ABC: a useful Bayesian tool for the analysis of population data.

机构信息

School of Biological Sciences, University of Reading, Reading RG6 6AJ, UK.

出版信息

Infect Genet Evol. 2010 Aug;10(6):826-33. doi: 10.1016/j.meegid.2009.10.010. Epub 2009 Oct 30.

Abstract

Approximate Bayesian computation (ABC) is a recently developed technique for solving problems in Bayesian inference. Although typically less accurate than, for example, the frequently used Markov Chain Monte Carlo (MCMC) methods, they have greater flexibility because they do not require the specification of a likelihood function. For this reason considerable amounts of data can be analysed and more complex models can be used providing, thereby, a potential better fit of the model to the data.

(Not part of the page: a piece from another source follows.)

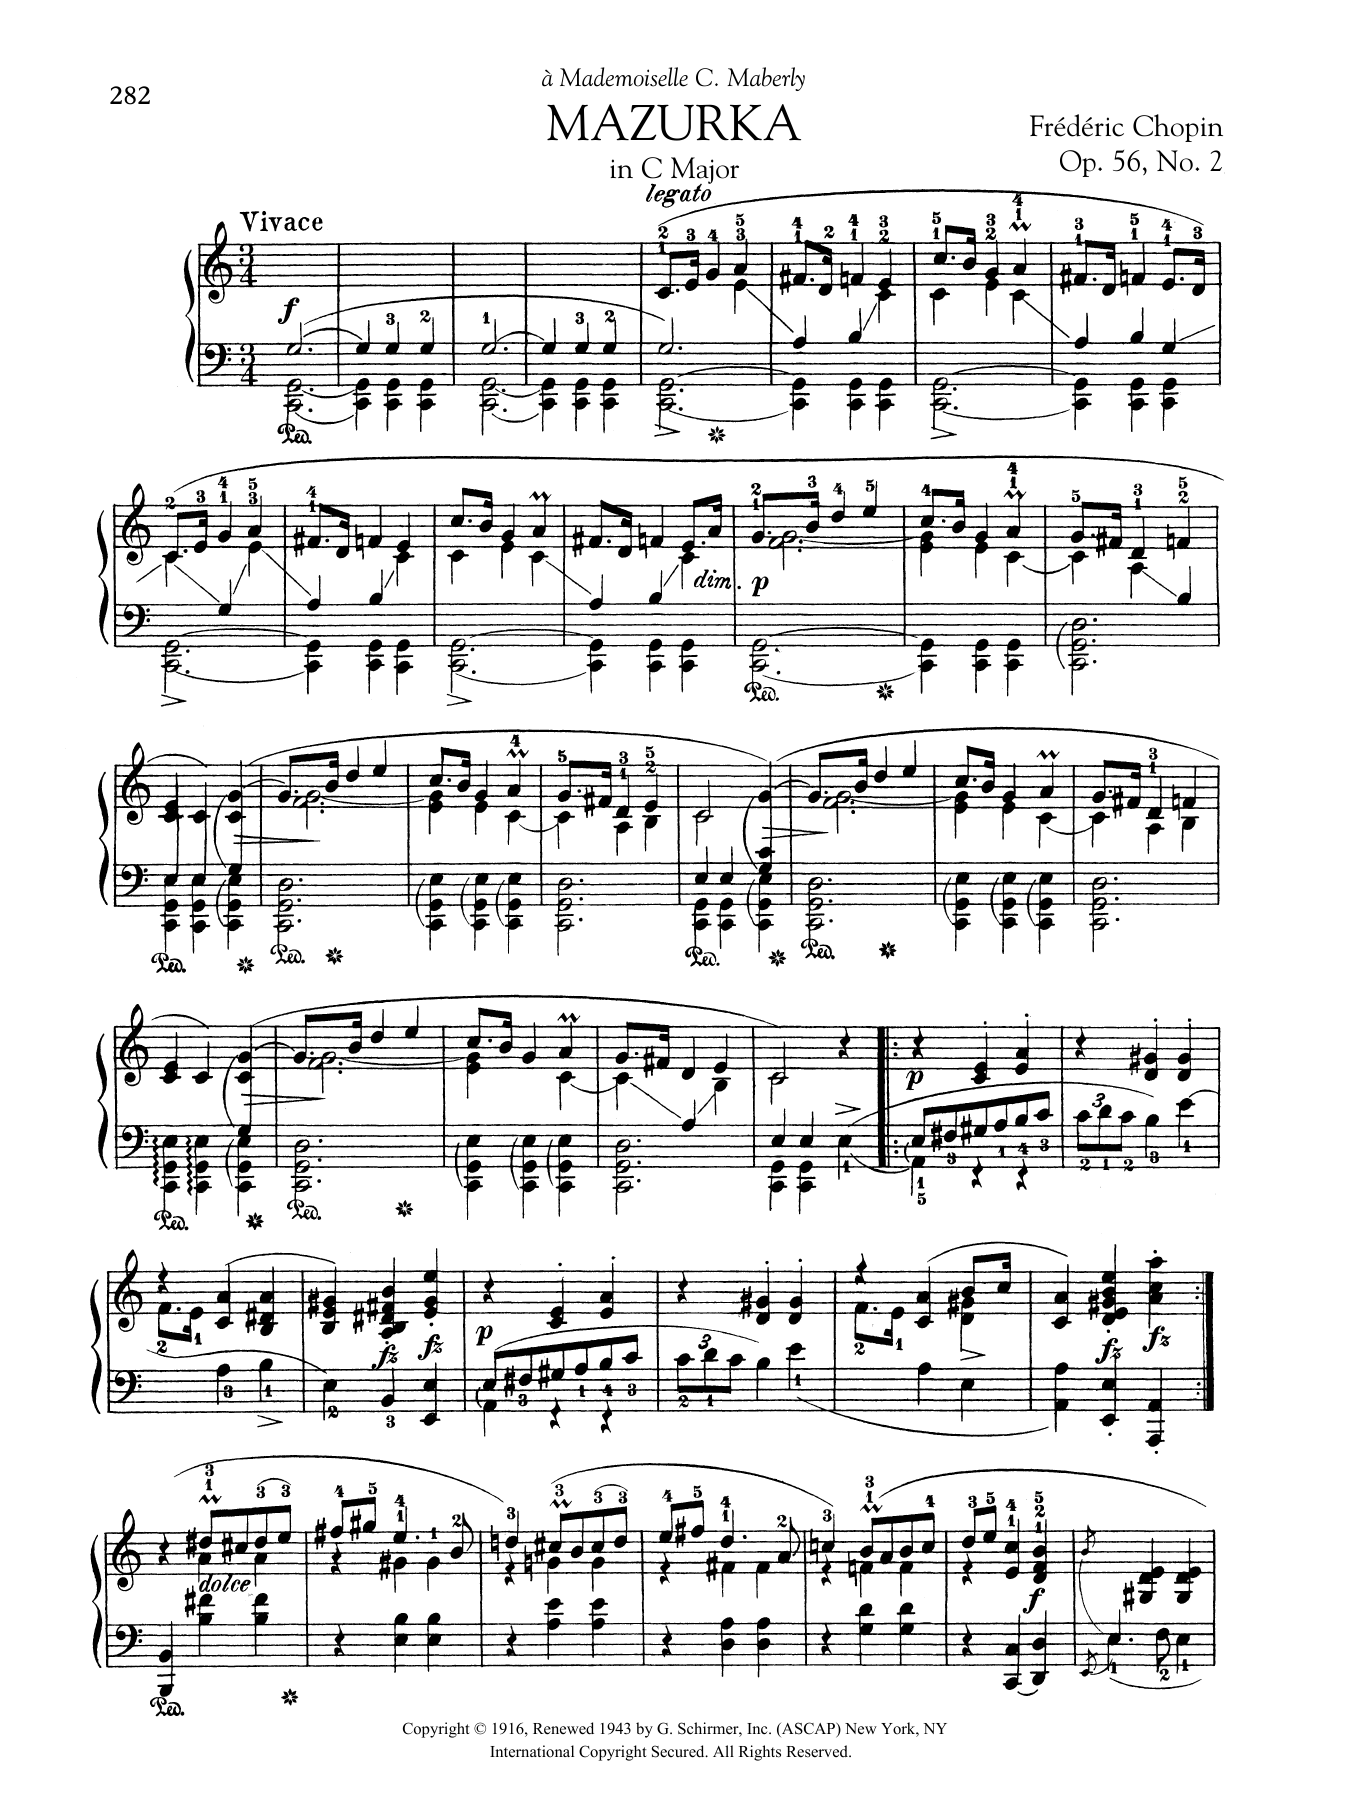 Download Frederic Chopin Mazurka in C Major, Op. 56, No. 2 Sheet Music

Since its first applications in the late 1990s its usage has been steadily increasing. The framework was originally developed to solve problems in population genetics. However, as its efficiency was recognized its popularity increased and, consequently, it started to be used in fields as diverse as phylogenetics, ecology, conservation, molecular evolution and epidemiology. While the ABC algorithm is still being greatly studied and alterations to it are being proposed, the statistical approach has already reached a level of maturity well demonstrated by the number of related computer packages that are being developed. As improved ABC algorithms are proposed, the expansion of the use of this method can only increase. In this paper we are going to depict the context that led to the development of ABC focusing on the field of infectious disease epidemiology. We are then going to describe its current usage in such field and present its most recent developments.

摘要

近似贝叶斯计算(ABC)是一种最近发展起来的贝叶斯推断问题的解决方案。虽然通常比例如经常使用的马尔可夫链蒙特卡罗(MCMC)方法的准确性要低,但它们具有更大的灵活性,因为它们不需要指定似然函数。由于这个原因,可以分析大量的数据,并可以使用更复杂的模型,从而为模型与数据的拟合提供更好的效果。自 20 世纪 90 年代末首次应用以来,其使用量一直在稳步增加。该框架最初是为了解决群体遗传学中的问题而开发的。然而,随着其效率得到认可,其受欢迎程度不断提高,因此它开始被用于系统发育学、生态学、保护生物学、分子进化和流行病学等多个领域。虽然 ABC 算法仍在被广泛研究,并提出了对其的修改,但该统计方法已经达到了相当成熟的水平,这从正在开发的相关计算机包的数量上就可以明显看出。随着改进的 ABC 算法的提出,这种方法的使用范围只会不断扩大。本文将描述导致 ABC 发展的背景,重点关注传染病流行病学领域。然后,我们将描述其在该领域的当前应用,并介绍其最新进展。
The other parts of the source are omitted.